By Monday, March 2, at 1410 hours, Cheynes-Stoke respirations were observed, and Stalin’s blood pressure had risen to 210/120. Over the next 48 hours, the dictator’s condition continued to deteriorate with sharp fluctuations in blood pressure, and it was reported that his heart registered a “hollow tone.” Stalin was given lemon juice and glucose to drink and received injections of camphor, which were meant to stimulate breathing. Toward the end, the whole panoply of Soviet medicine, circa 1953, was pulled out––all of it, of course, futile. In addition to the other therapies applied, he was injected with caffeine, camphor, and cardiozol. By the early morning of Monday, March 4, Stalin’s condition had deteriorated further, with the appearance of cyanosis, hiccoughing, and profuse sweating. By 0820 hours, Stalin had become increasingly cyanotic and began to manifest both hematemasis and hematuria. By 1915 hours the next day, his pulse had risen to 120 beats per minute and blood pressure had fallen to 150/100. By 2010 hours, his heart rate had risen to 150 beats per minute, and Stalin was completely comatose with profound cyanosis. At 2140 hours, he was given more camphor injections along with adrenalin as well as carbon dioxide and oxygen.

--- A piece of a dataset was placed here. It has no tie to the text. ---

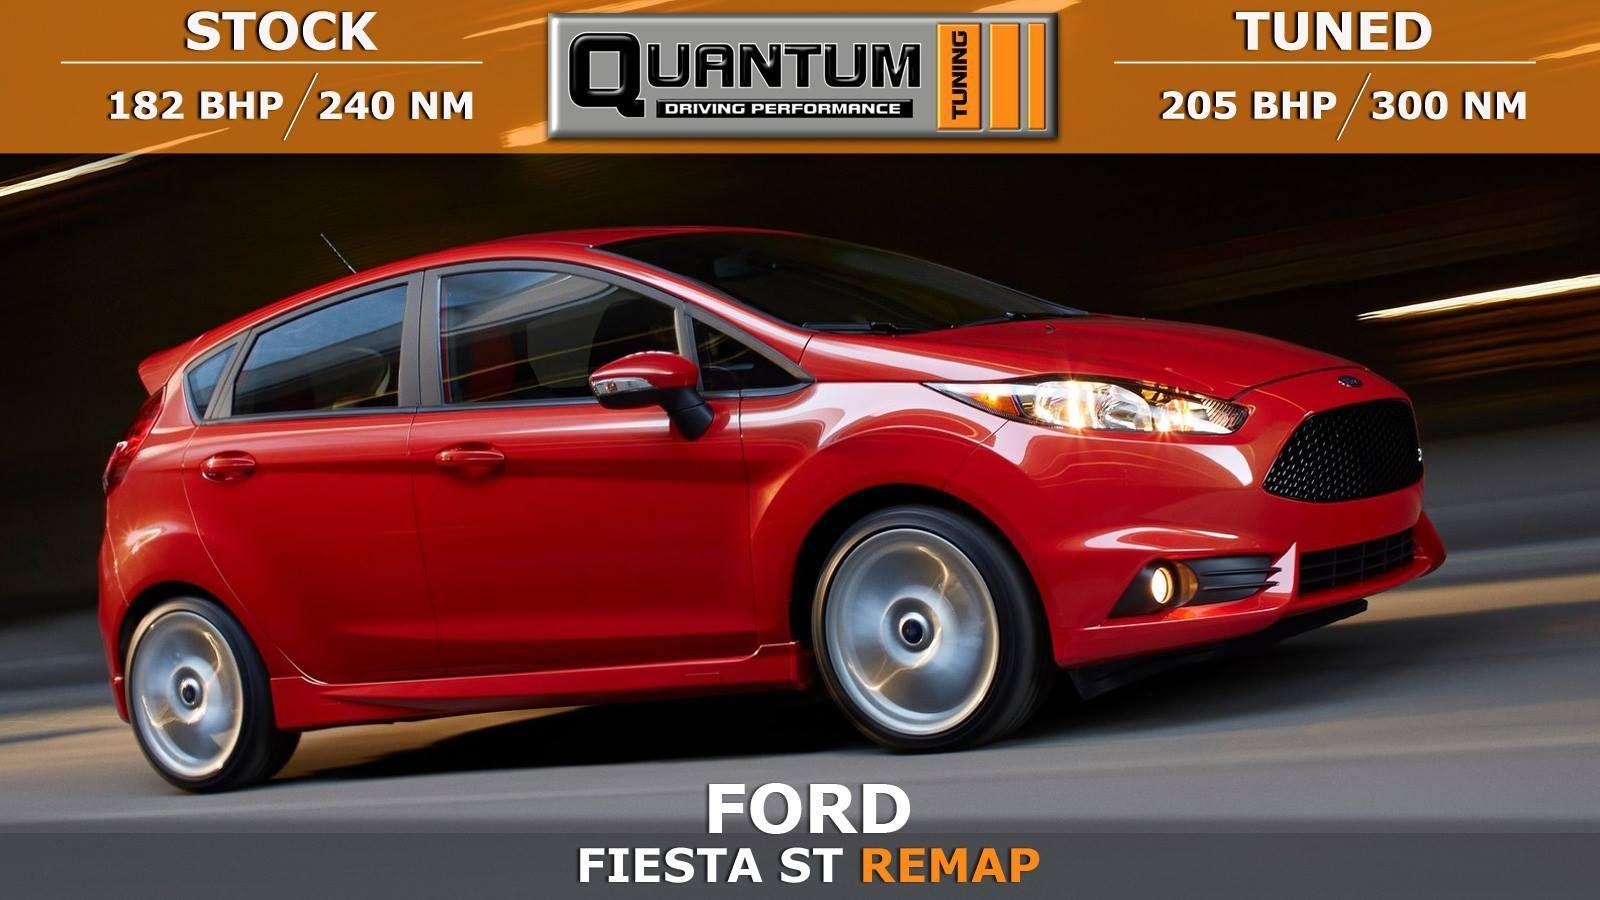 Ford Fiesta St Tuned By Quantum Tuning Original 182 Bhp 240

By 2150, Stalin was pronounced dead at age 73. Beyond delaying medical “aid” (however ineffective it probably was), were the four highers-up present at his final illness complicit in any other way? One speculation has it that it was Beria who murdered him. Several months after Stalin’s death, he was reported to have boasted to Molotov, then foreign minister of the USSR, “I did him in! I saved all of you!” But without an autopsy report, these conjectures remain just that. Those around Stalin certainly had a motive, but as we know from the circumstances of other dictatorships, the inner circle of sycophants are usually too terrorized and self-interested to entertain such radical departures. As Brent and Naumov point out, “How ironic yet fitting, that the man who subjected his people to the horror of his great purges and was preparing them for yet more should himself, at the end, have been purged continually by the magnesium sulfate enemas administered by doctors seeking to prolong his life.”1 As the heart of the evil man registered a “hollow tone.”